▶ **WORK TASK**
Print what the records say exactly, and omit the pictures.

▶ **SOURCE MATERIAL**
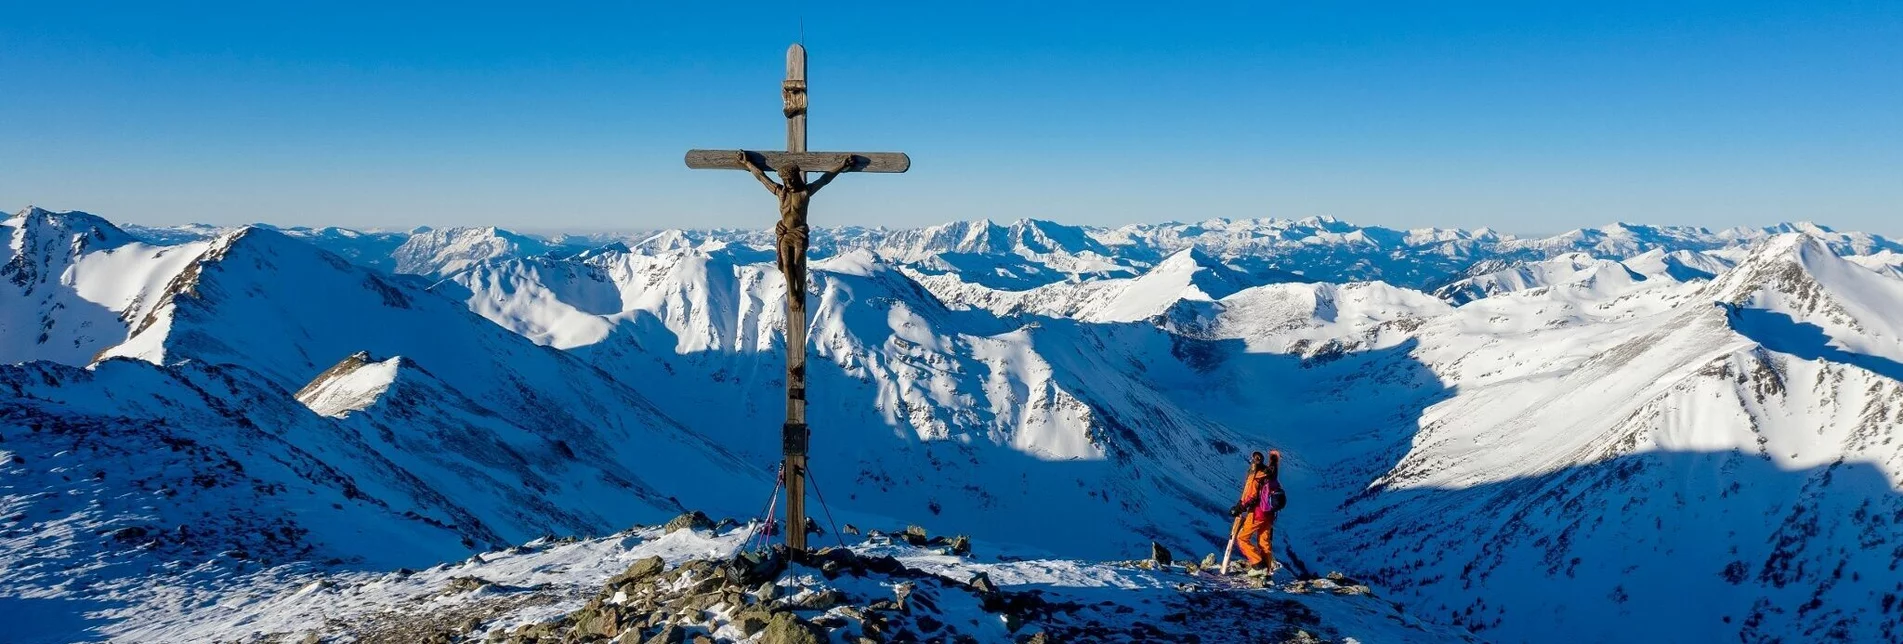 Skitour Greim - Touren-Impression #1 | © Tourismusverband Region Murau
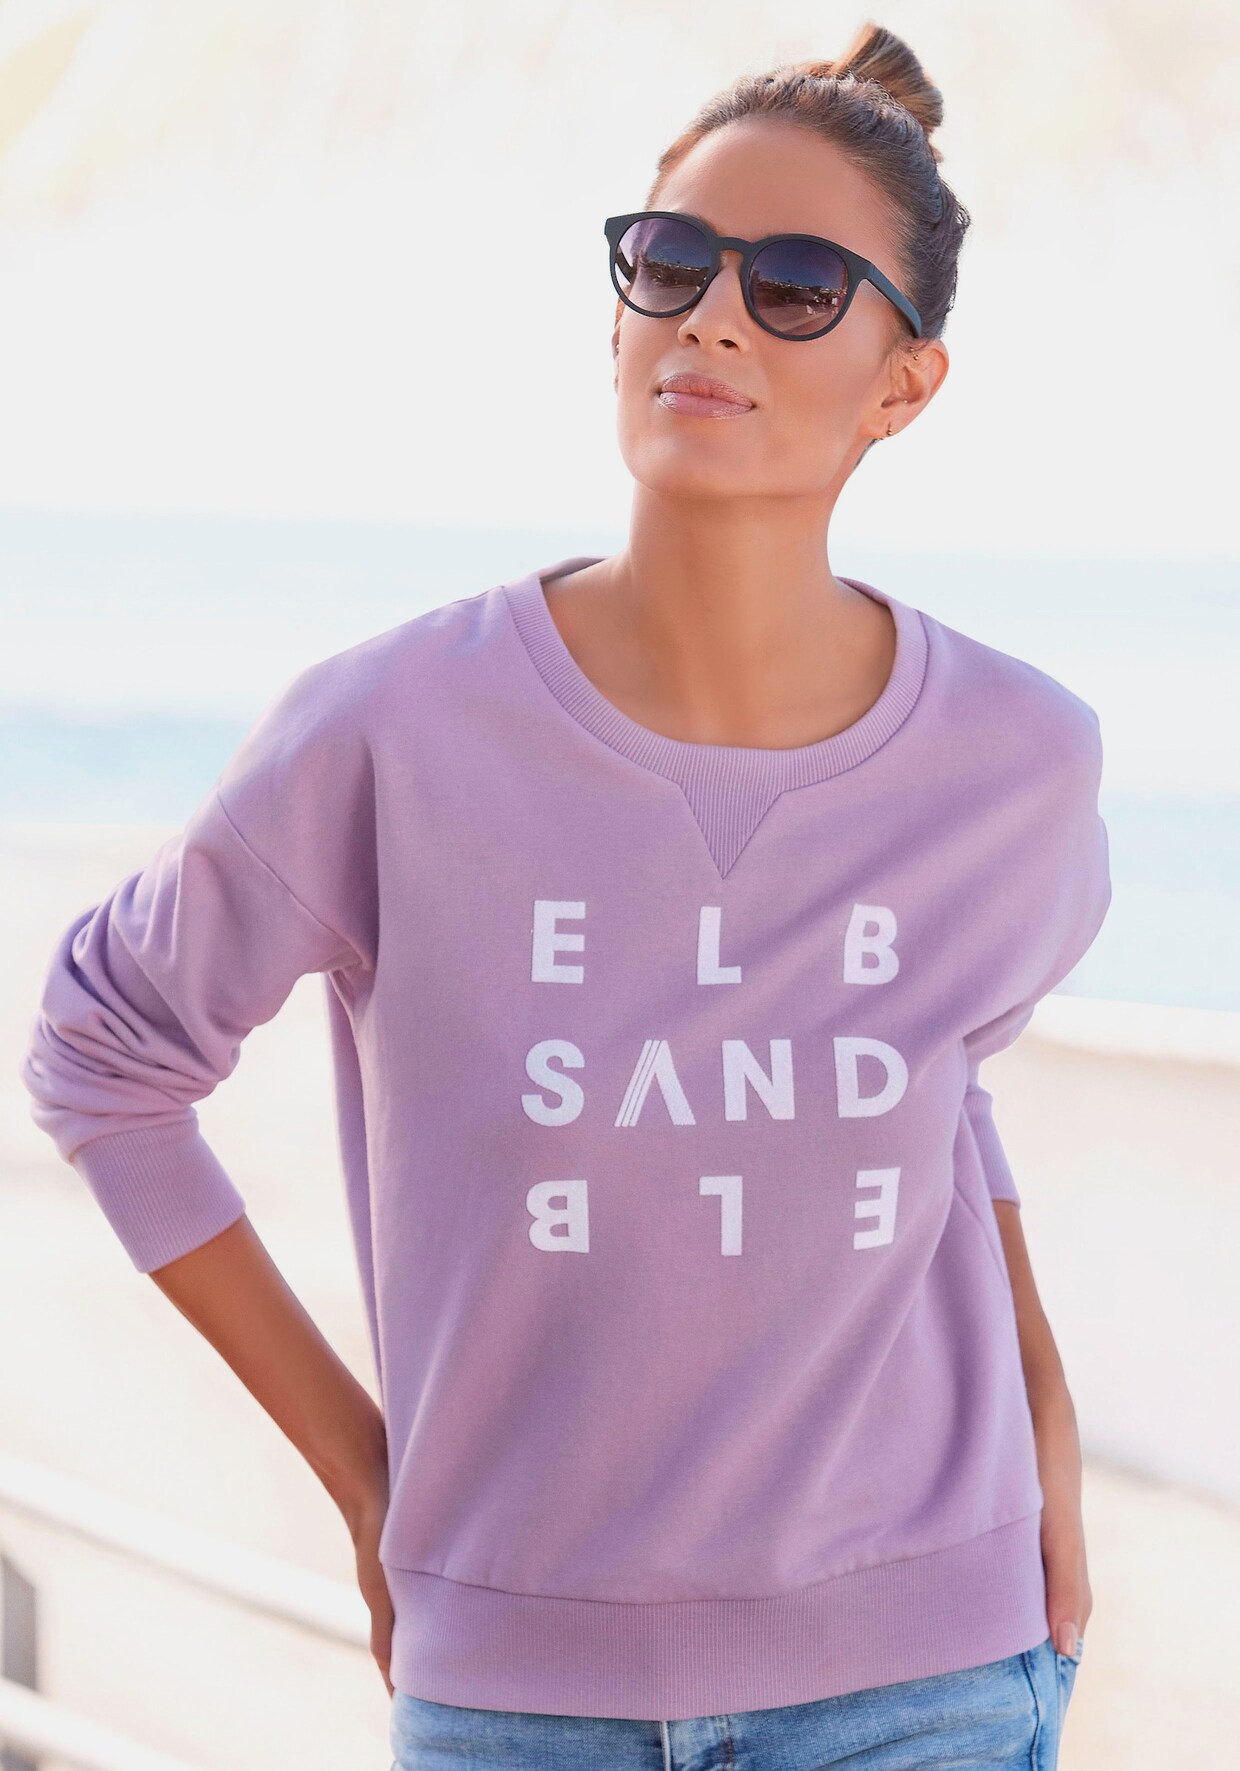 Elbsand Sweat-shirt - lilas
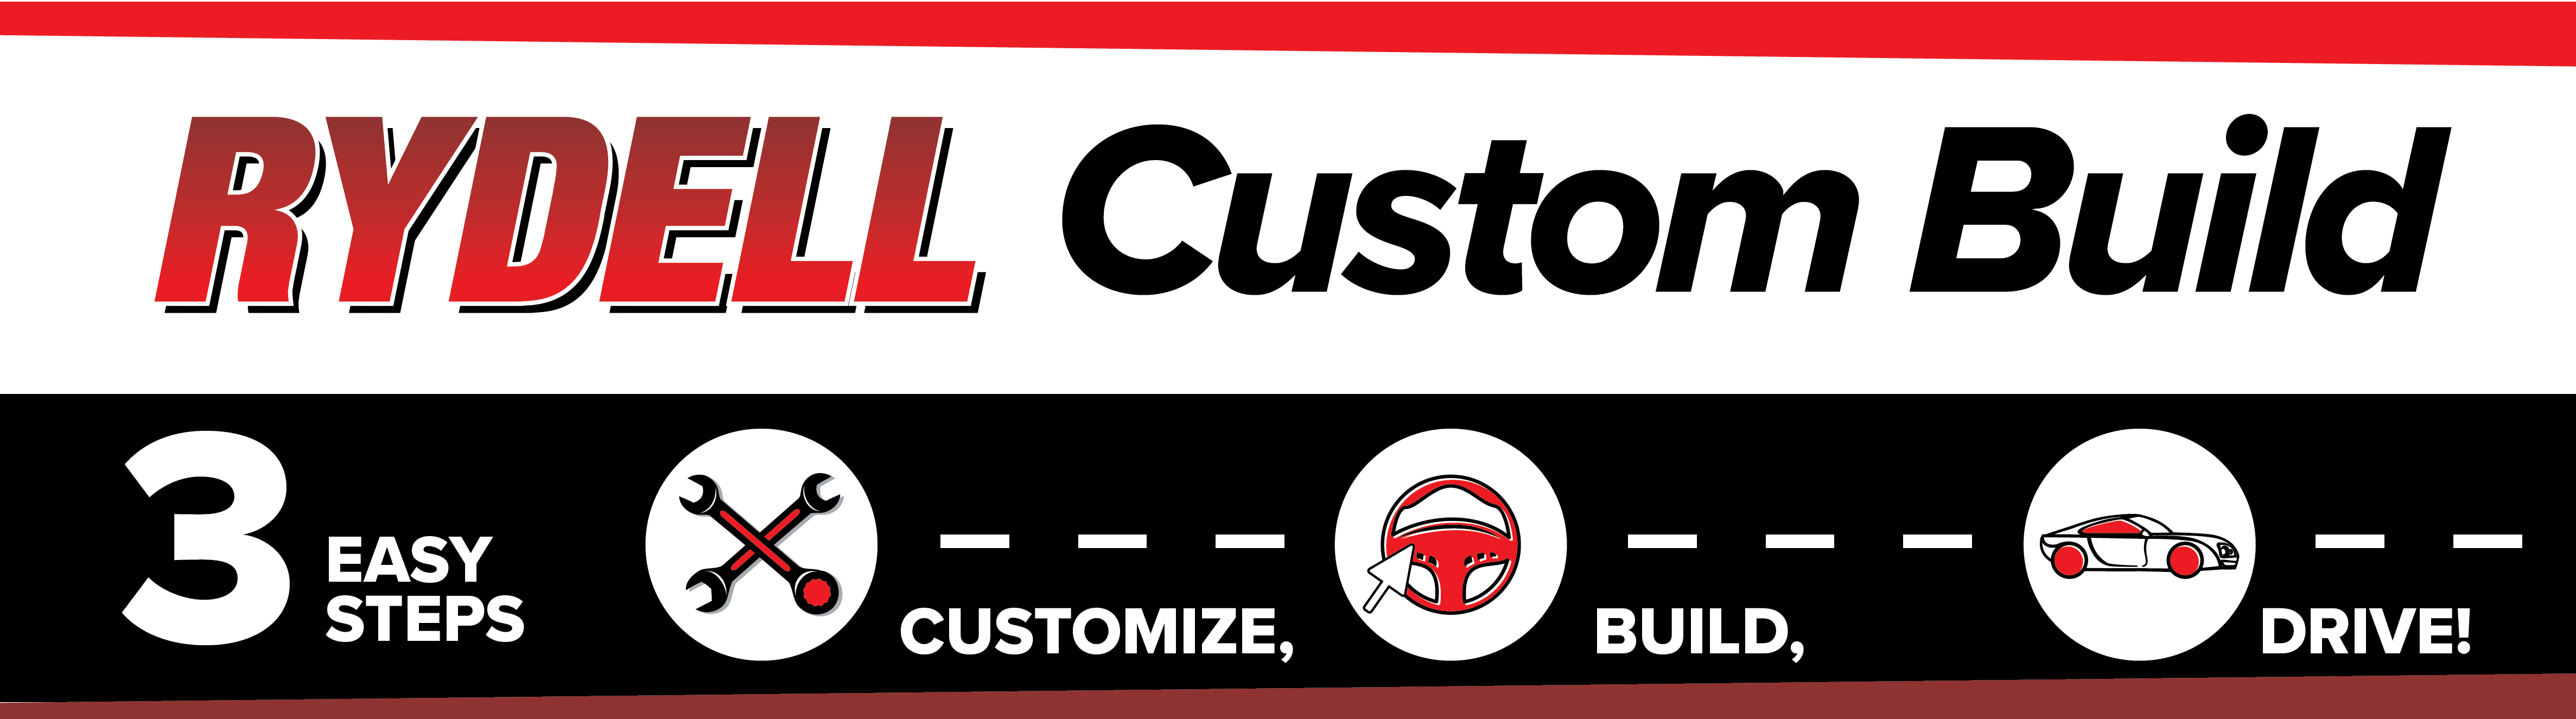 Rydell Custom Build - 3 easy steps - customize, build, drive!
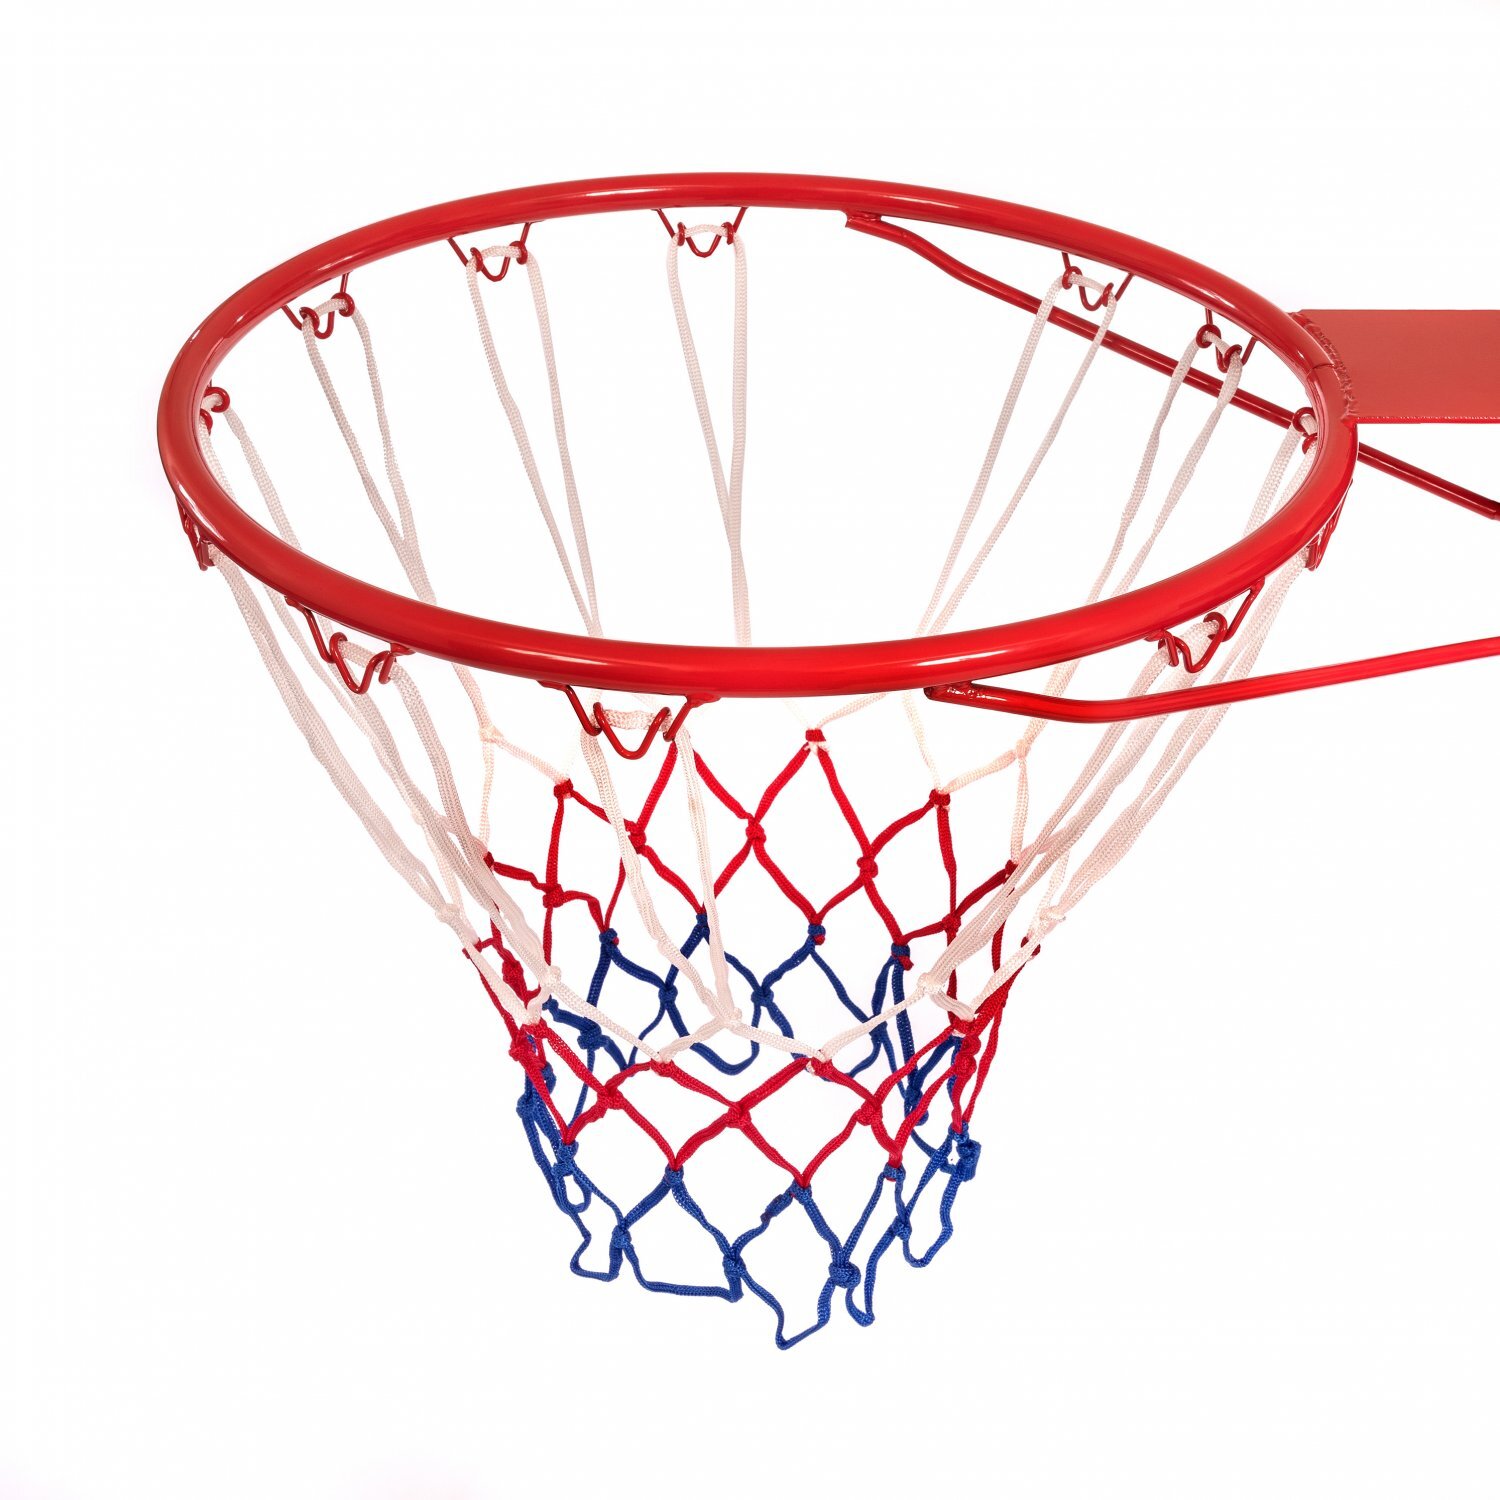 ND 45cm Standard Wall Mounted Basketball Hoop Net Outdoor Goal Sports Play Ring 
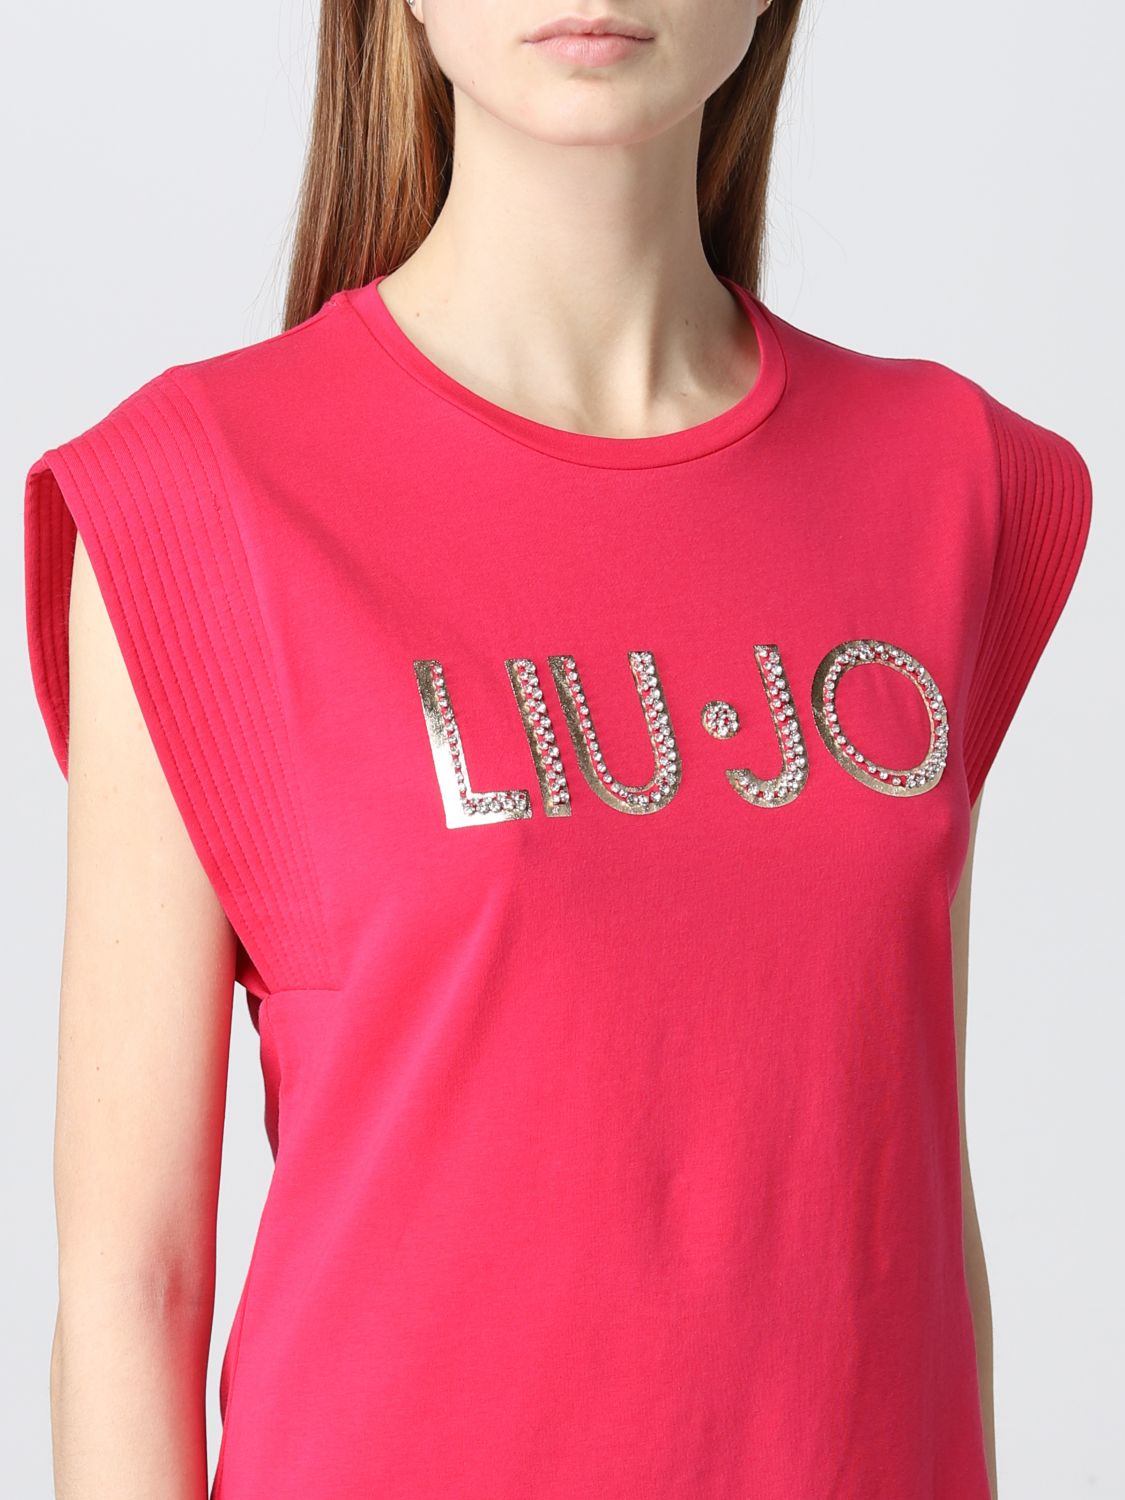 Outlet de Liu Camiseta para mujer, Fucsia | Camiseta Liu Jo CA2106JS003 en línea en GIGLIO.COM

▶ **OUTPUT OF THE TASK**
 Skitour Greim - Touren-Impression #1 | © Tourismusverband Region Murau
 Elbsand Sweat-shirt - lilas
 Rydell Custom Build - 3 easy steps - customize, build, drive!
 ND 45cm Standard Wall Mounted Basketball Hoop Net Outdoor Goal Sports Play Ring 
 Outlet de Liu Camiseta para mujer, Fucsia | Camiseta Liu Jo CA2106JS003 en línea en GIGLIO.COM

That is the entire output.